Adding French-language classes in English institutions will be a challenge and will reduce demand for English instructors, said Adam Bright, an English literature teacher at Dawson College in Montreal. He said his union expects the changes will lead to staffing cuts in the English department.

Red tape for businesses

The bill expands provisions of the province’s language law, which previously only applied to businesses with 50 or more employees, to those with 25 or more.

François Vincent, Quebec vice-president of the Canadian Federation of Independent Business, estimates that complying with the law will involve 20 to 50 hours of paperwork for business owners, and some may have to hire consultants. While Vincent said it’s important to help people learn French, he doesn’t think additional red tape will do that.

“Asking a small garage or a small restaurant in Saguenay-Lac-Saint-Jean that’s working 100 per cent in French to fill out paperwork so that the Office québécois de la langue française will say ‘Congratulations, you work in French,’ will not change anything,” he said in an interview.

Access to justice

The bill requires all court filings by businesses to be in French or translated into French and empowers the minister of justice and the minister responsible for the French language to decide which provincial court judges need to be bilingual.

It amends multiple pieces of legislation — including Quebec’s Charter of the French Language, the Code of Civil Procedure, the Consumer Protection Act and Montreal’s city charter. Pearl Eliadis, a Montreal human rights lawyer, said that complexity can make it hard to see the extent of the changes in the law.

Warrantless search and seizure

The bill proactively invokes the notwithstanding clause of the Canadian Constitution to protect it from charter challenges.

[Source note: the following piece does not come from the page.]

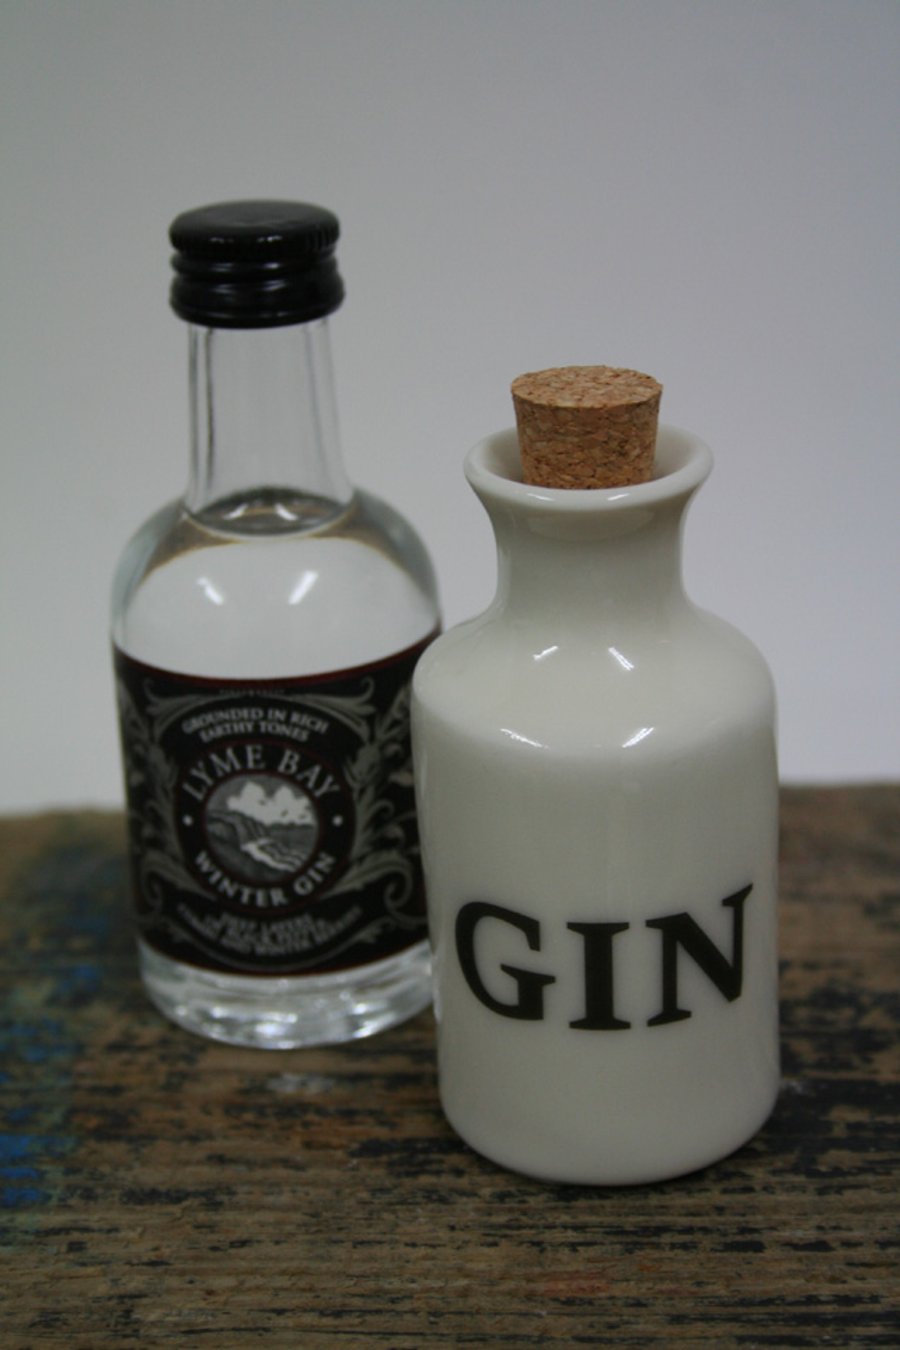 Small porcelain bottle with gin wording

Among the elements of the law shielded is a provision granting language inspectors the power to search and seize without a warrant. Eliadis said inspectors are not required to show reasonable grounds or reasonable suspicion before conducting a search.

“It’s more than a group of administrative rules designed to bolster French, because they’ve deliberately gone into each part of the act where constitutional rights can be invoked and essentially, with one sweep of the brush … disappeared an entire swath of our constitutional protections, leaving us with no remedy,” she said.